Timo Cavelius

Personal information
- Born: 17 October 1996 (age 29)
- Occupation: Judoka

Sport
- Country: Germany
- Sport: Judo
- Weight class: ‍–‍81 kg
- League: Judo Bundesliga
- Team: TSV Abensberg

Achievements and titles
- Olympic Games: R32 (2024)
- World Champ.: R16 (2023)
- European Champ.: R16 (2025)

Medal record
Men's judo
Representing Germany
IJF Grand Slam
| Silver medal – second place | 2023 Paris | ‍–‍81 kg |
| Silver medal – second place | 2024 Astana | ‍–‍81 kg |
| Bronze medal – third place | 2023 Tel Aviv | ‍–‍81 kg |
| Bronze medal – third place | 2023 Tbilisi | ‍–‍81 kg |
IJF Grand Prix
| Silver medal – second place | 2019 Tbilisi | ‍–‍81 kg |
European U23 Championships
| Bronze medal – third place | 2018 Győr | ‍–‍81 kg |

Profile at external databases
- IJF: 21515
- JudoInside.com: 84782

= Timo Cavelius =

German athlete

Timo Cavelius (born 1996) is a German Olympic judoka.
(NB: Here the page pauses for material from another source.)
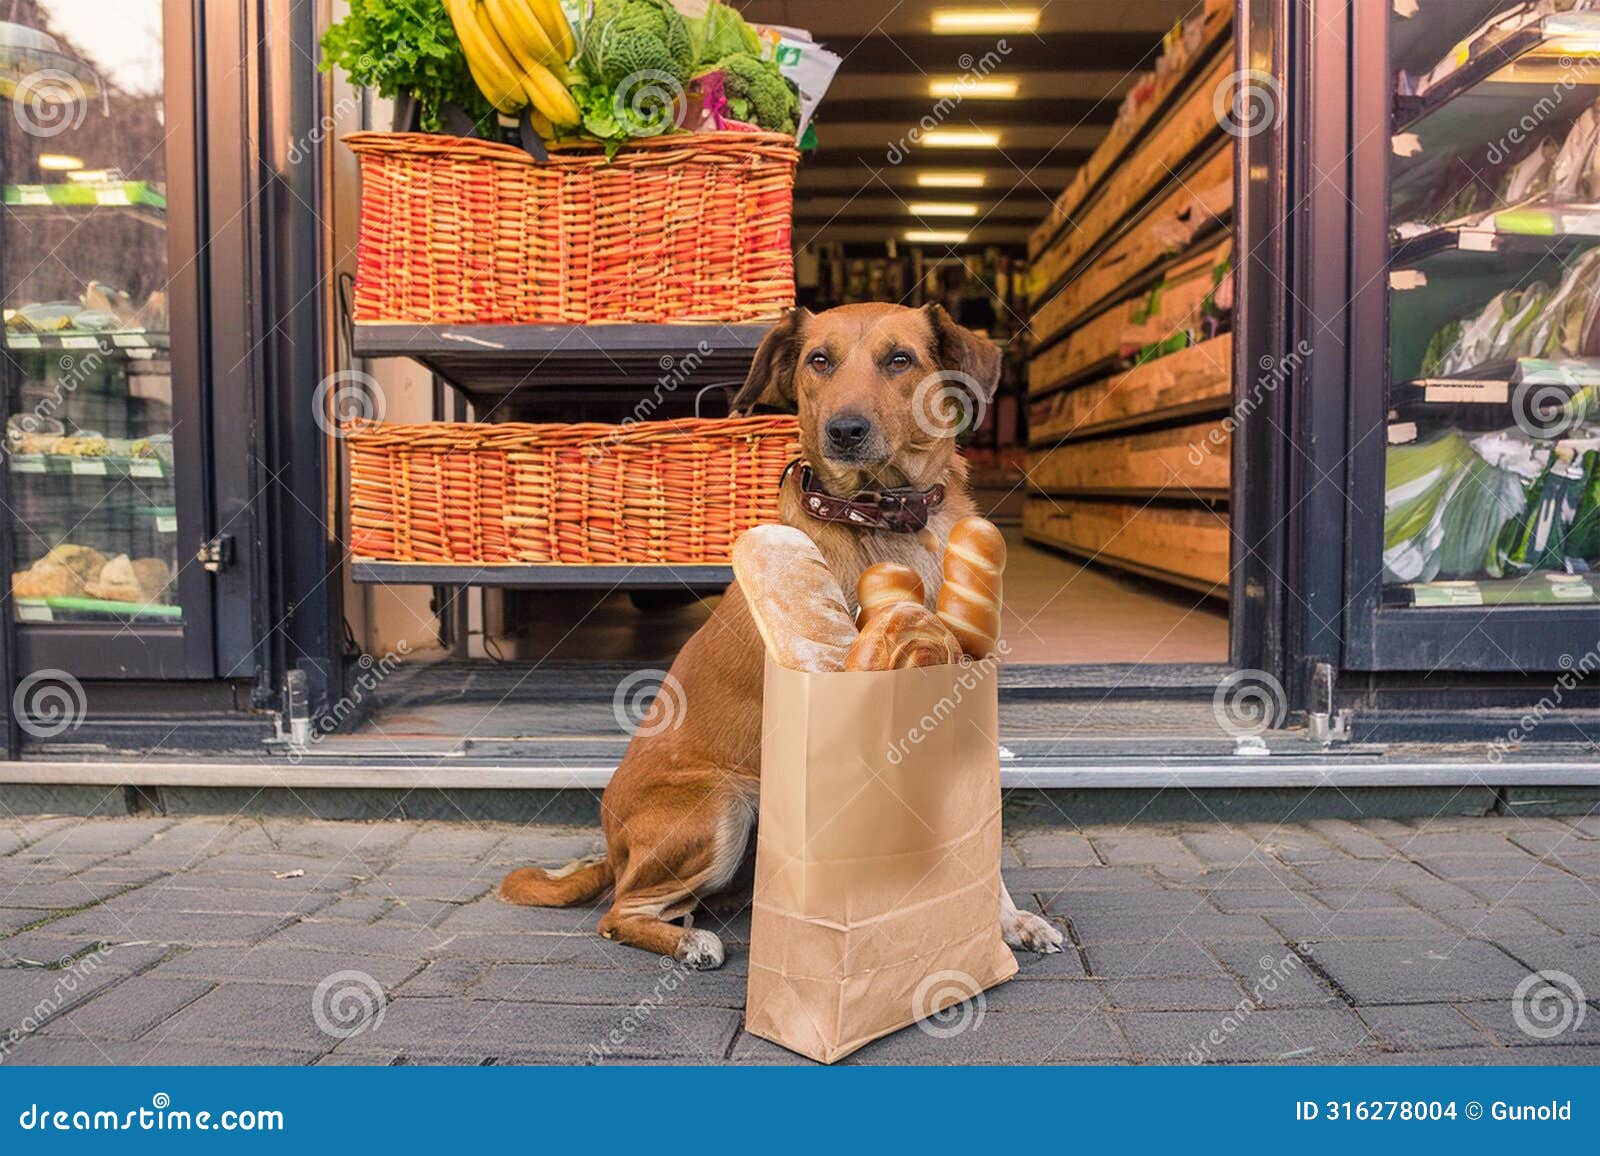 dog guards a paper bag full with bread

Representing Germany at the 2024 Summer Olympics, he made his Olympic debut and became the first openly gay man to compete in Olympic judo. Cavelius participated in the Half-Middleweight (81 kg) men's judo category.

Cavelius began his judo career as a child, going on to earn a ranking of 21st in the world and qualify for the 2024 Summer Olympics. Through 2025 and 2026, Cavelius has continued to compete at Grand Slams across the world.

== Club championships ==
During the 2026 German Judo Bundesliga season, the Georgian judoka Akaki Japaridze (JC Leipzig) punched Cavelius after their match had ended, causing him to lose two teeth and suffer a broken jaw. Japaridze claimed he felt provoked by a celebratory gesture made by the German judoka.